Si le Géant Docteur s'immobilisait à sa haute
fenêtre, pourrait-il reconnaître les larmes
de l'enfant fourmi, fondues dans les ruisseaux coulant du
ciel? L'enfant a sombré avec elles dans les limbes
du sommeil. Un rai de lumière s'est faufilé
entre les tentures fermées et tranche l'obscurité
de la chambre.
C'est une flèche de l'arc-en-ciel décochée
contre le mur nord qui fait sursauter l'enfant;
il se retourne sans cesse pour découvrir l'archer
aux mains qui ne tremblent pas; il ne voit personne dans
la poussière dorée. Alors il se laisse dériver
au fil de la rivière sinueuse, vagabondant entre
les herbes crépues, vers le Génie des eaux.
Il passe lentement sous le pont de ses gigantesques jambes
écartées et tire sur le bas du pantalon de
velours ocre. Arraché à son irrémédiable
mélancolie, le Génie des eaux se penche, se
plie en deux vers l'enfant qui saisit une mèche des
longs cheveux pareils aux branches des saules pleureurs
et grimpe sans effort vers la tête bourrue. Le petit
atteint la racine des cheveux.
- Donne-moi un coup de pouce.
Le Génie des eaux l'installe confortablement sur
son nez. C'est un jeu rituel entre eux. D'une fois à
l'autre les paroles qu'ils échangent sont les mêmes,
comme des formules magiques.
- Je ne te chatouille pas?
- Gare à toi si j'éternue.
- Ferme les yeux !
- Je ferme les yeux.
De ce point élevé, l'enfant embrasse tout
le paysage: les berges, les champs de blé et de colza,
le mont renflé comme un sein, le clocher de l'église
gravé sur le bleu du ciel. Ici, peut-être,
ici, il serait possible de garder la tête fraîche,
de maîtriser les chiens de la fièvre.
- Je vois une jument et son poulain sur le pré pentu
un peu plus bas que l'église. Je vois un moulin qui
a perdu ses ailes. Je vois. Lorsque l'enfant a fait provision
d'images, il effleure la pointe du nez d'un baiser bref.
Le Génie des eaux comprend à regret et le
pose délicatement entre les joncs:
- Tu veux déjà t'en aller?
- Je dois...
- Tu n'aimes pas ce panorama?
- Tu sais bien que si.
- Tu vas encore me laisser seul?
- Tu es grand, tu peux rester seul.
- Veux-tu vraiment retourner dans ton lit moite?
L'enfant voudrait et ne voudrait pas.
- Je reviendrai très bientôt,
- Ils disent tous cela.

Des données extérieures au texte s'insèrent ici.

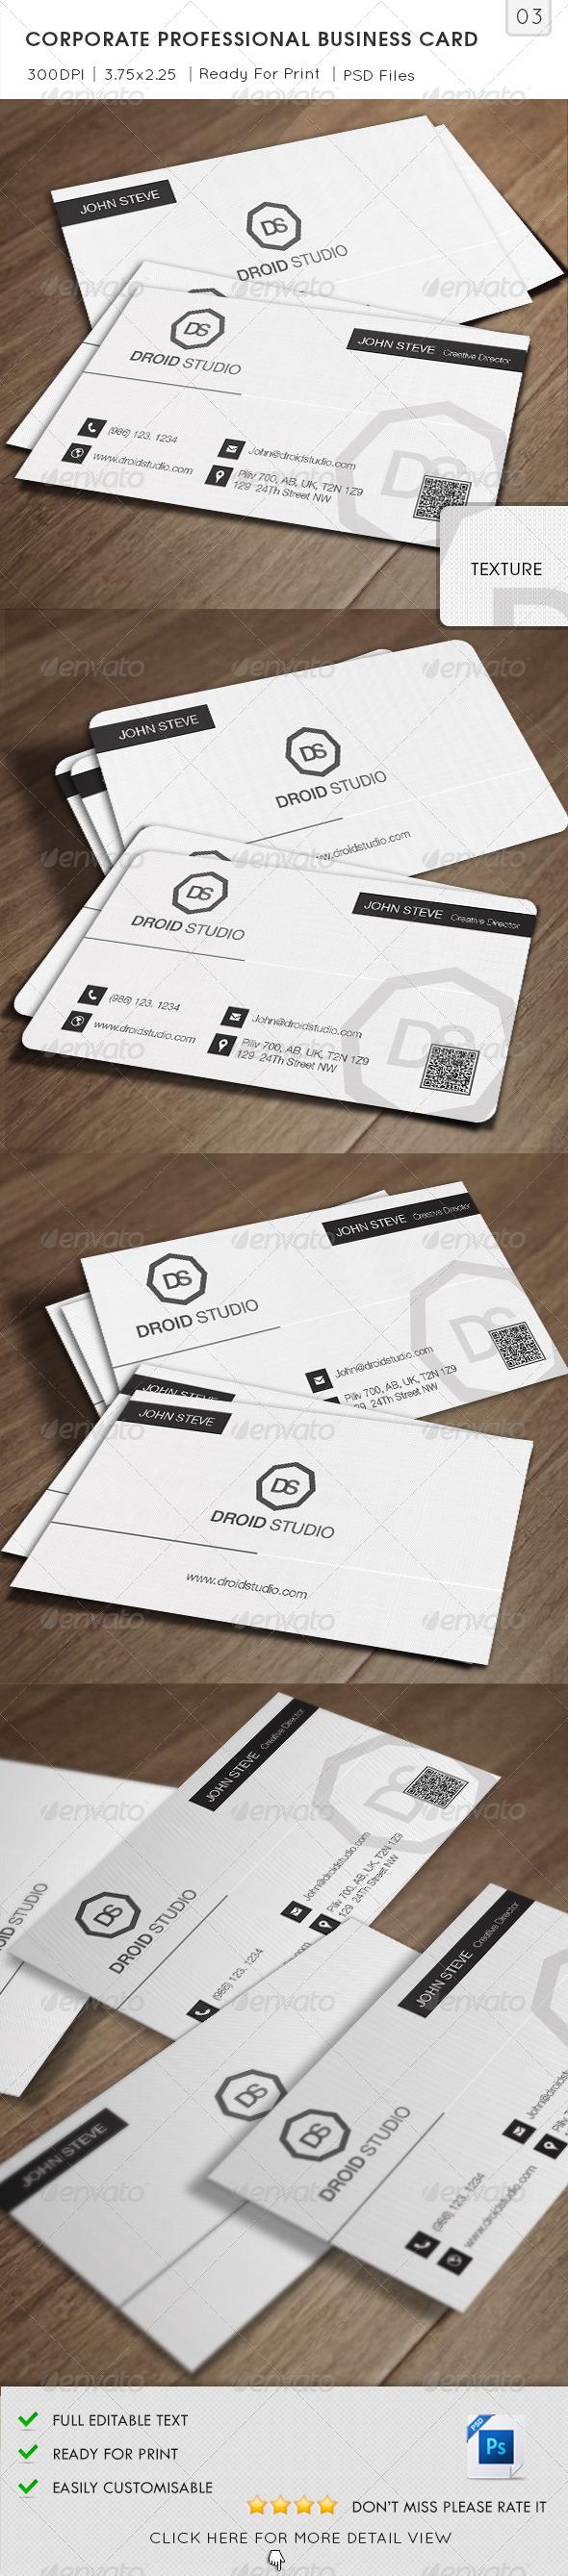 GraphicRiver Corporate Business Card v03 5752457

Combien se souviennent de moi?
- Je te le promets.
- Ne jure pas!
L'enfant devine: le Génie des eaux, rongé
par la mélancolie, est peut-être plus malade
que lui. Apprendre à être seul, c'est difficile.
Qui lui rendrait la confiance?
Le mur sud est vitré et restera transparent,
ouvert aux nuages changeants qui galopent à toute
heure du jour et de la nuit. De grands coursiers caparaçonnés
d'or et de blanc nacré, ce soir, pénètrent
en trombe dans la pièce nue. Leurs naseaux fument.

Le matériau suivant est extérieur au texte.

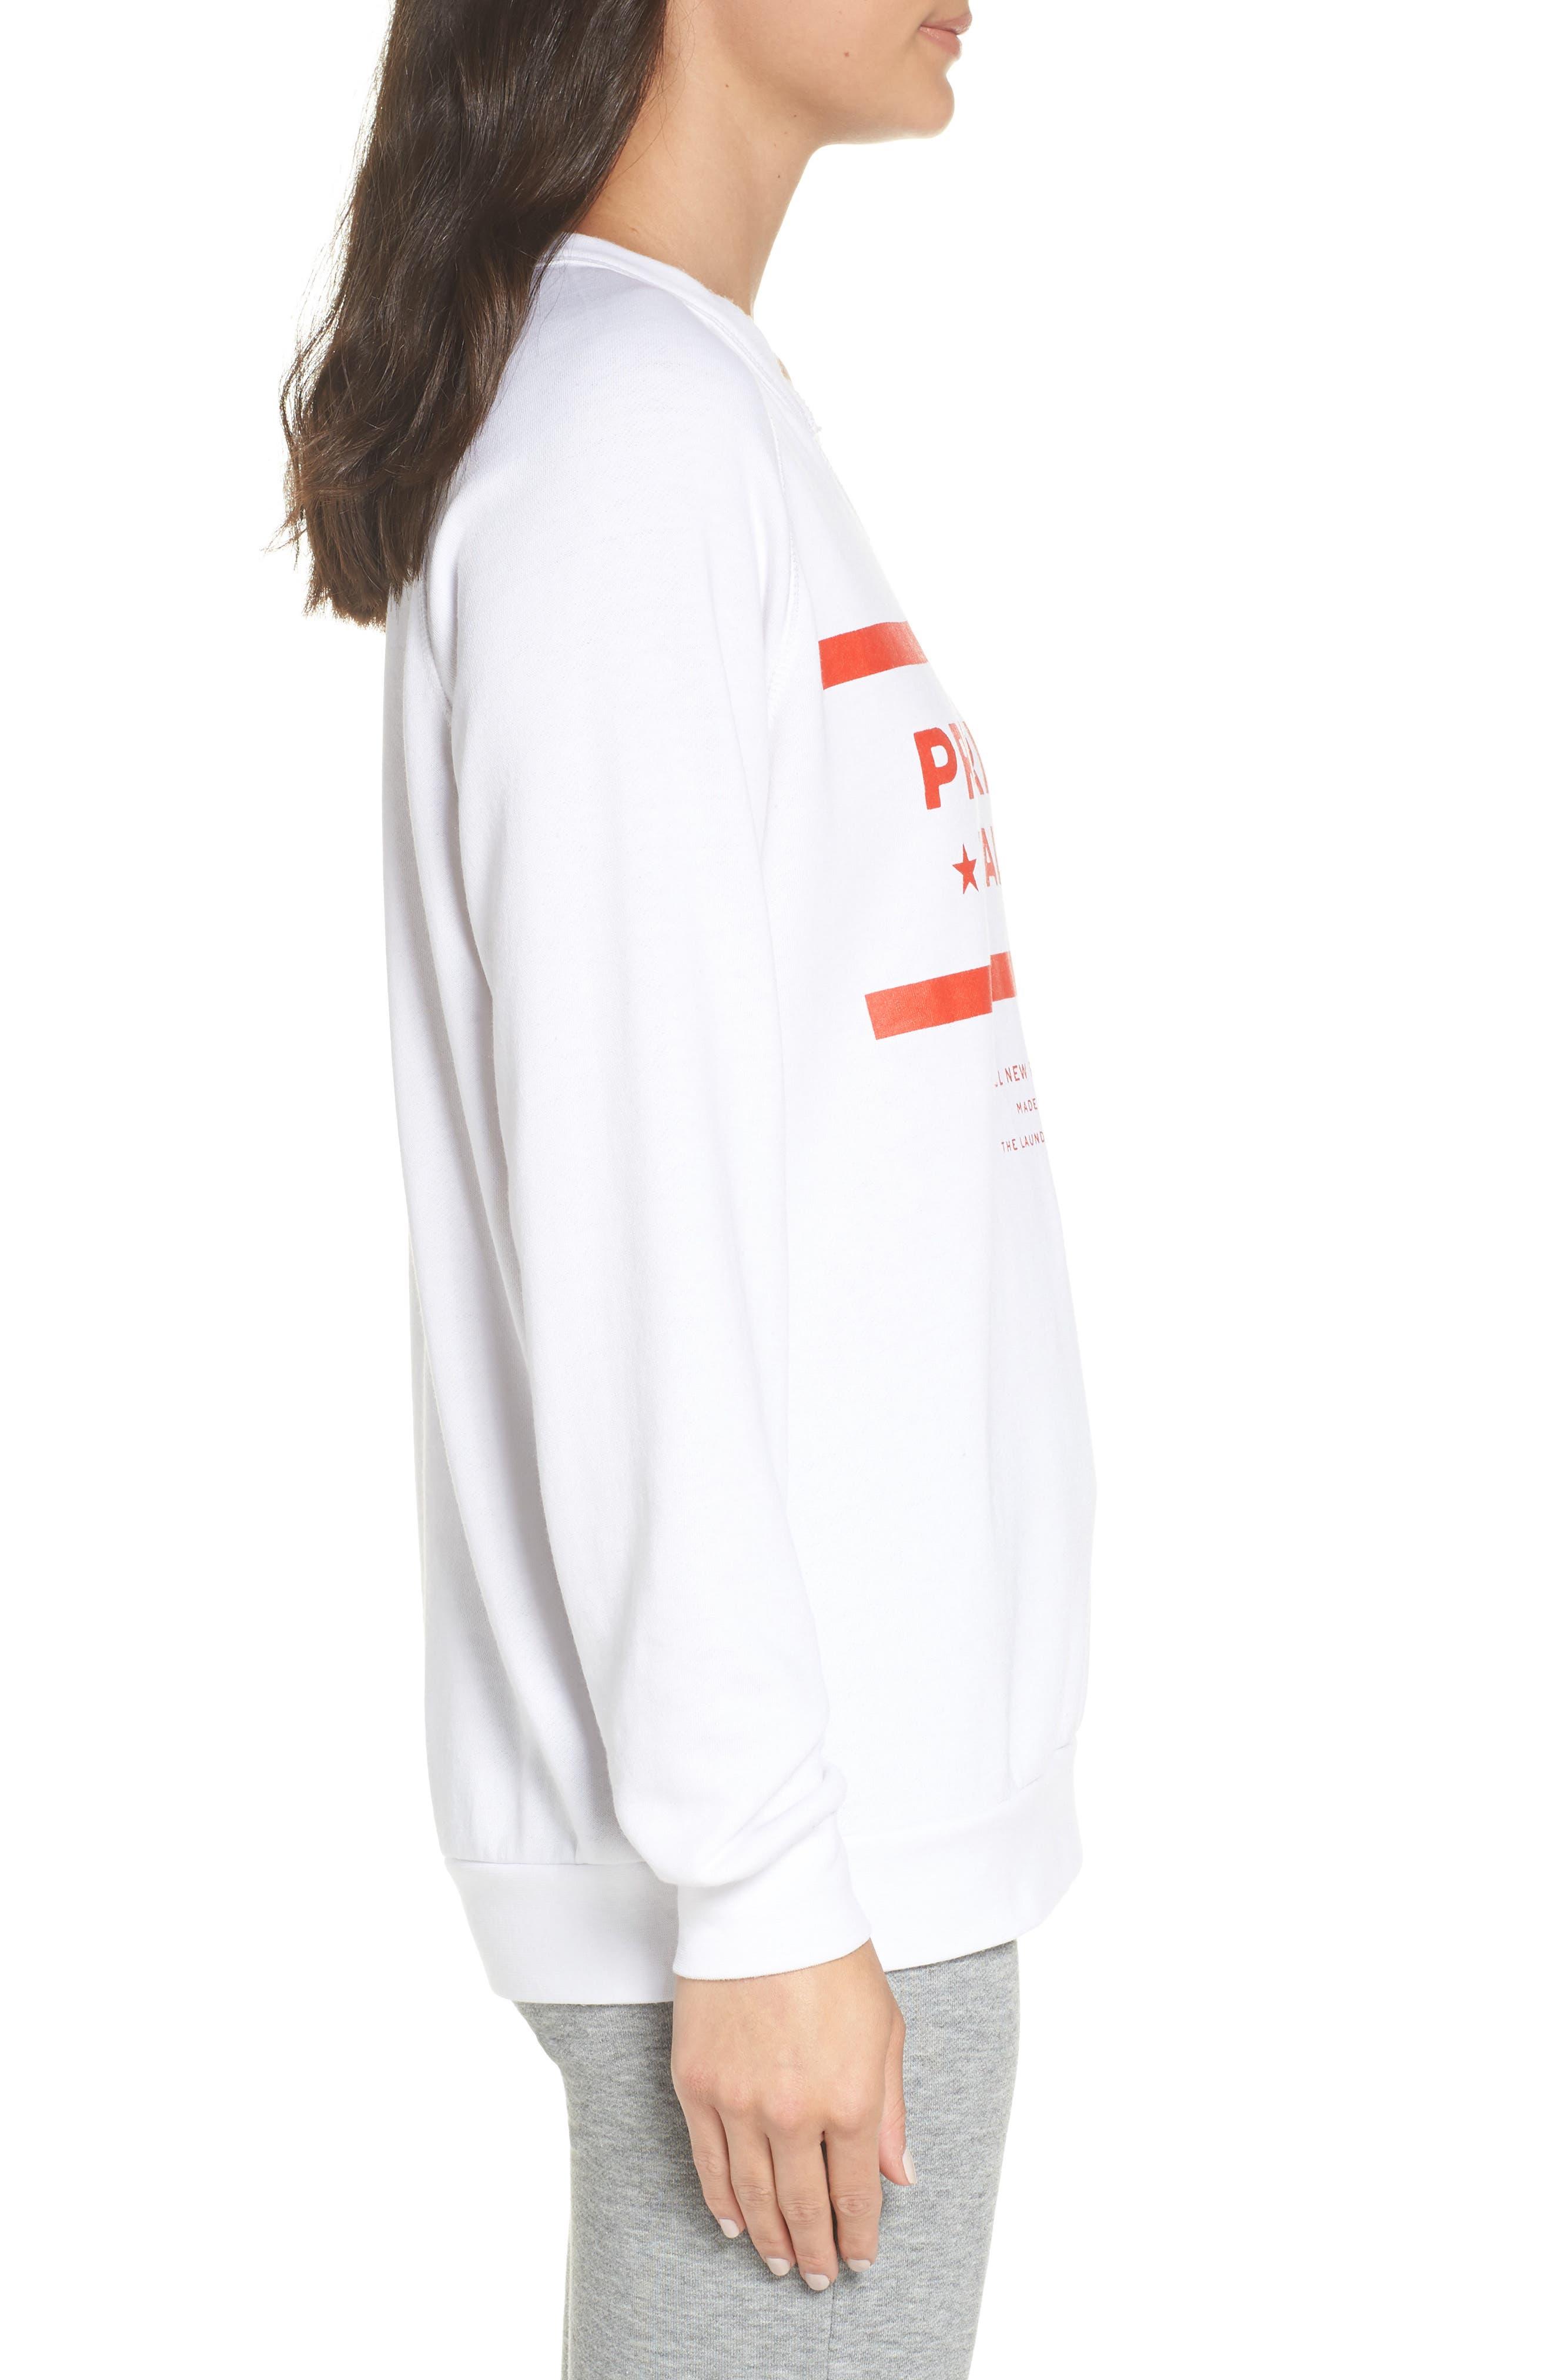 Priority Female Sweatshirt,                             Alternate thumbnail 3, color,                             100

Les grelots de leurs colliers vibrent à l'unisson.
- Ils venaient du château, diront les uns.
- Mais non, c'est de la grotte qu'ils ont jailli, affirmeront
les autres.
- Je les ai aperçus qui soufflaient entre les hautes
herbes du chemin de halage, protesteront ceux-ci.
- Tout est possible, confirmeront ceux-là.

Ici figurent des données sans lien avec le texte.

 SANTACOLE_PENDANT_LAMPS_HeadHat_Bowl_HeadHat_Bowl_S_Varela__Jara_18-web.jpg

On ne sait pas. On ne sait rien. L'enfant, qui semblait
à l'étroit dans cet univers saturé
d'adieux, de sang, de cris, s'est dressé. Il a repoussé
les couvertures d'un geste vif. Les murs de la chambre se
sont effondrés dans une poussière scintillante.
L'enfant a saisi les rênes du cheval le plus proche;
d'un bond il a sauté en selle.
Lui, ce point qui s'efface à l'horizon, est-ce possible?